I tried to make the example somewhat reproducible. This is my example in R:
> set.seed(20210211)
> df <- data.frame(y = runif(50), x = runif(50))
> df$d <- df$x > 0.5
>
> (tmp <- tempfile("data", fileext = ".csv"))
[1] "C:\\Users\\s1504gl\\AppData\\Local\\Temp\\1\\RtmpYtS6uk\\data1b2c1c4a96.csv"

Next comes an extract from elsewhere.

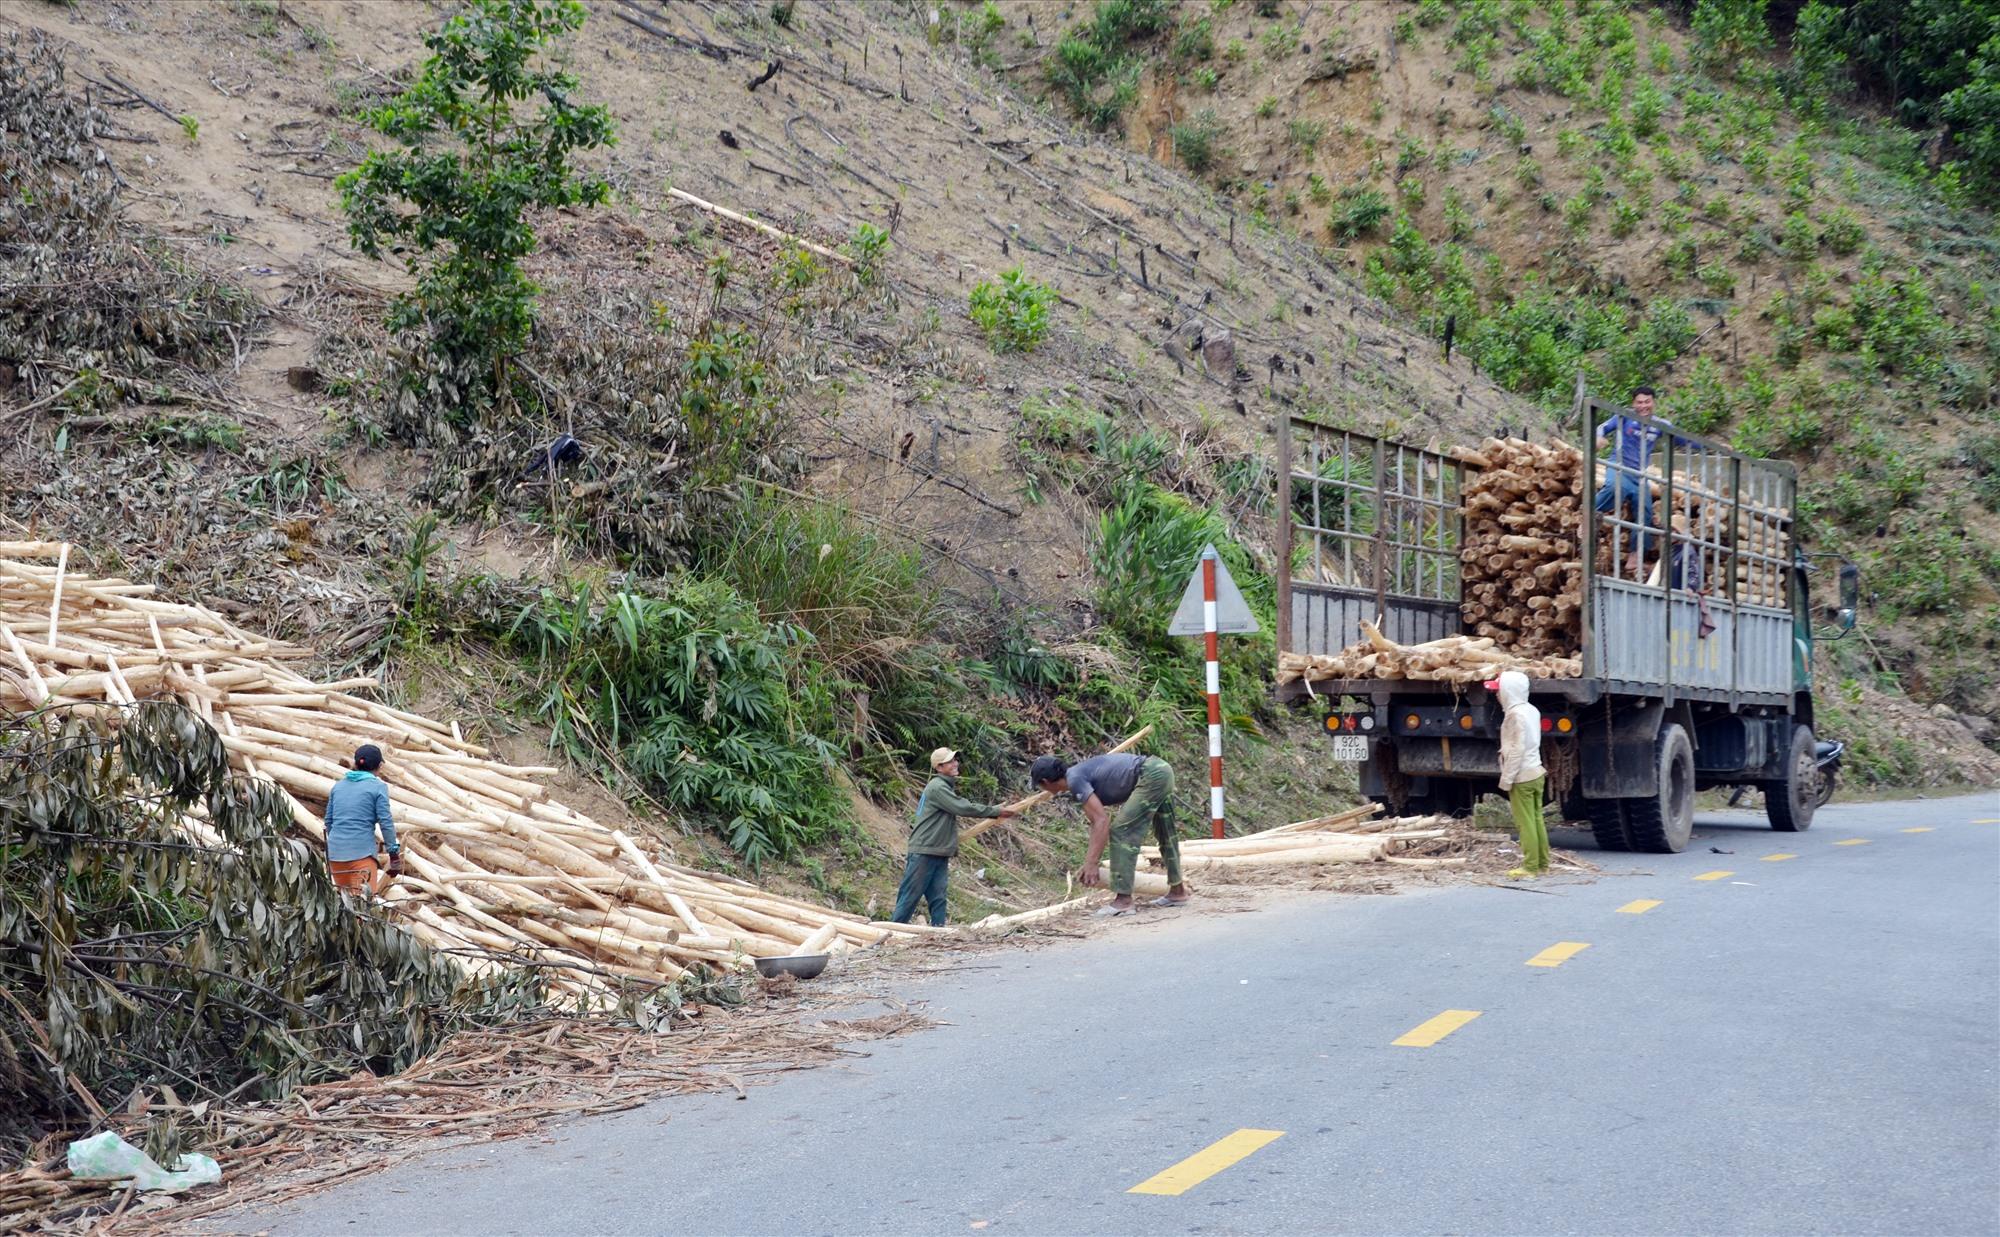 Phát triển mạnh rừng trồng sản xuất đã làm giảm chức năng phòng hộ của rừng tự nhiên. TRONG ẢNH: Khai thác keo ở xã Trà Tập (Nam Trà My). Ảnh: H.P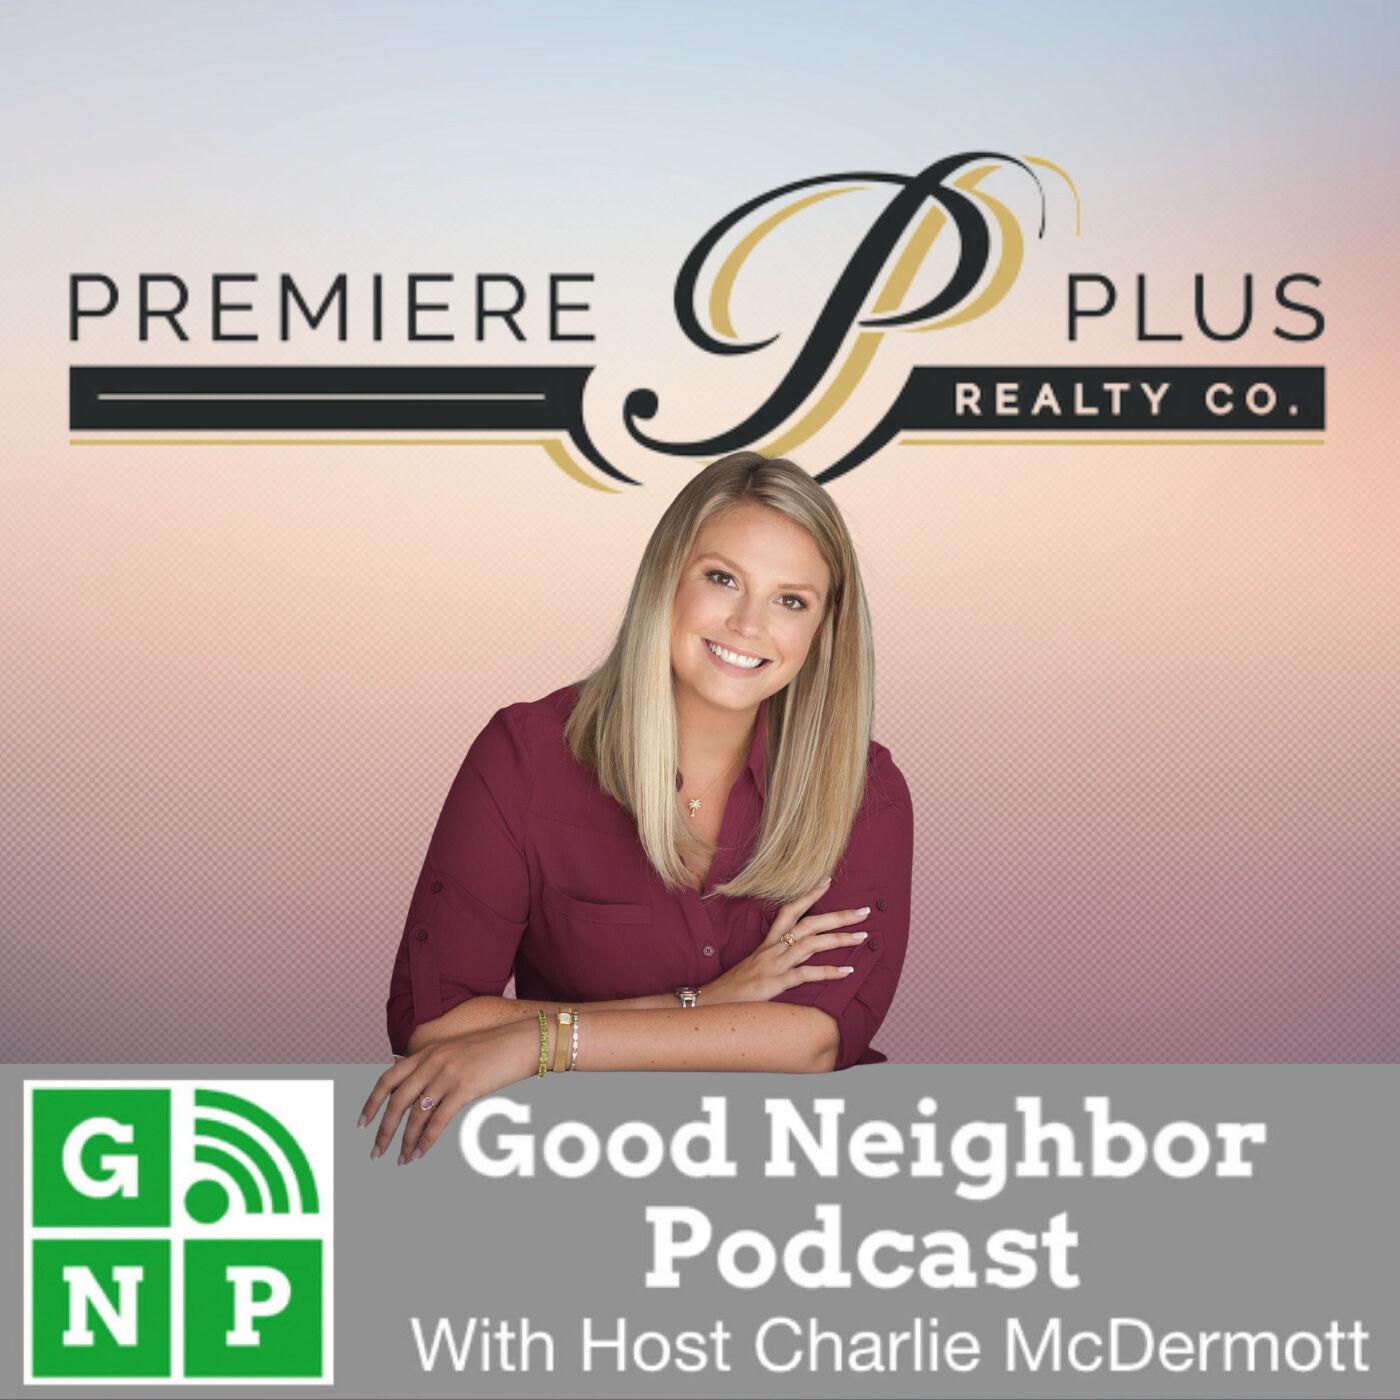 EP #534: Premiere Plus Realty with Emily Konopasek

> write.csv(df, tmp, row.names = FALSE)
>
> summary(lm(y ~ x + d, data = df))
Call:
lm(formula = y ~ x + d, data = df)
Residuals:
Min 1Q Median 3Q Max
-0.48651 -0.27449 0.03828 0.22119 0.53347
Coefficients:
Estimate Std. Error t value Pr(>|t|)
(Intercept) 0.4375 0.1038 4.214 0.000113 ***
x -0.1026 0.3168 -0.324 0.747521
dTRUE 0.1513 0.1787 0.847 0.401353
---
Signif. codes: 0 ‘***’ 0.001 ‘**’ 0.01 ‘*’ 0.05 ‘.’ 0.1 ‘ ’ 1
Residual standard error: 0.2997 on 47 degrees of freedom
Multiple R-squared: 0.03103, Adjusted R-squared: -0.0102
F-statistic: 0.7526 on 2 and 47 DF, p-value: 0.4767
> summary(lm(y ~ x + d + 0, data = df))
Call:
lm(formula = y ~ x + d + 0, data = df)
Residuals:
Min 1Q Median 3Q Max
-0.48651 -0.27449 0.03828 0.22119 0.53347
Coefficients:
Estimate Std. Error t value Pr(>|t|)
x -0.1026 0.3168 -0.324 0.747521
dFALSE 0.4375 0.1038 4.214 0.000113 ***
dTRUE 0.5888 0.2482 2.372 0.021813 *
---
Signif. codes: 0 ‘***’ 0.001 ‘**’ 0.01 ‘*’ 0.05 ‘.’ 0.1 ‘ ’ 1
Residual standard error: 0.2997 on 47 degrees of freedom
Multiple R-squared: 0.7196, Adjusted R-squared: 0.7017
F-statistic: 40.21 on 3 and 47 DF, p-value: 4.996e-13
And here is what I have in Stata (please note that I have copied the filename from R to Stata):
. import delimited "C:\Users\s1504gl\AppData\Local\Temp\1\RtmpYtS6uk\data1b2c1c4a96.csv"
(3 vars, 50 obs)
. encode d, generate(d_enc)
.
. regress y x i.d_enc
Source | SS df MS Number of obs = 50
-------------+---------------------------------- F(2, 47) = 0.75
Model | .135181652 2 .067590826 Prob > F = 0.4767
Residual | 4.22088995 47 .089806169 R-squared = 0.0310
-------------+---------------------------------- Adj R-squared = -0.0102
Total | 4.3560716 49 .08889942 Root MSE = .29968
------------------------------------------------------------------------------
y | Coef. Std. Err. t P>|t| [95% Conf. Interval]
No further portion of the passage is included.